The surrender of giving oneself over to God then begins the healing process. Again, the concept of "entrega" arises as one works between surrender and sacrifice. This "signifies throwing oneself into something in an active way — an active passivity, an agentic surrender" (pg. 193). Entrega also involves empathic identification in two directions, with Jesus and with humankind. The stories about faith coupled with Christianity (dying for the love of Christ) provide some of the most compelling moments of the book. Along with this, there is a fine treatment of "dryness," which might better be termed "doubt" or "disconnect." This is where there is a lack of feeling in prayer, and the Lord is clearly not present. This test of faith is turned back on the postulant, as God is weak in those not reinforcing his spirit.
Near the close of the book, we learn of the postulants' mission work and the enhanced sense of "conversion" it can bring, of finally "getting it" (pg. 208). Next comes integration, including a discussion of the value of time itself. Ultimately time, on its highest plain, belongs to God.

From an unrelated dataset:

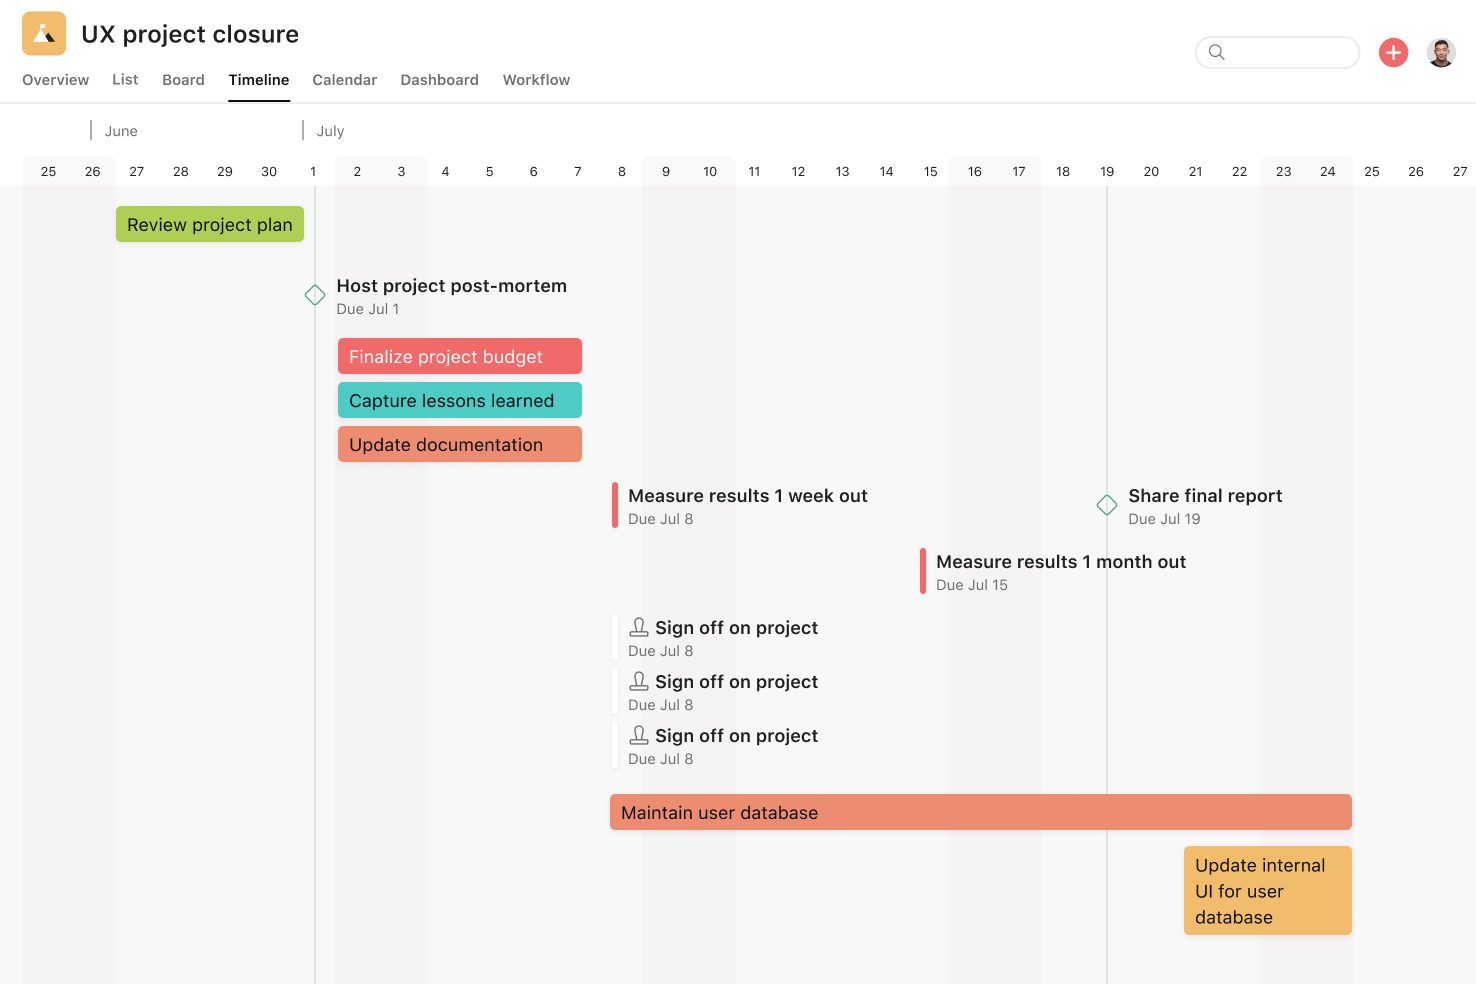 [product ui] Project closure template in Asana, Gantt style project view (Timeline)

Theories of transformation move us back to the psychoanalytic roots of change. The tone reflected here is first experienced early on in the book with a heavy discussion of theory which does not segue so smoothly into and back from the everyday observations of the postulants themselves. Perhaps this could be billed as a book on theory AND a book on practice, all rolled into one. There are many ways to analyze the transformation of religious sisters through time. This treatment examines the more psychological approaches, leaving the social structure surrounding the interior environment mostly as an afterthought (finally mentioned in the very last portion). A deeper study would include a stronger sociological focus throughout, though an astute reader can draw these links naturally from the richly textured observations of daily life in the convent, and preparations for permanency expected of each woman who enters with at least the intent to give her life over, to stay long-term.
The theory of the body is actually only fully described in the end, momentarily, though promised from the outset. The book itself takes on a mammoth task, and meets at least some of its original goals in moving through initial convent life, step by step, brick by brick. That the focus is on Mexico is interestingly often immaterial, gauging the international reach of religious life.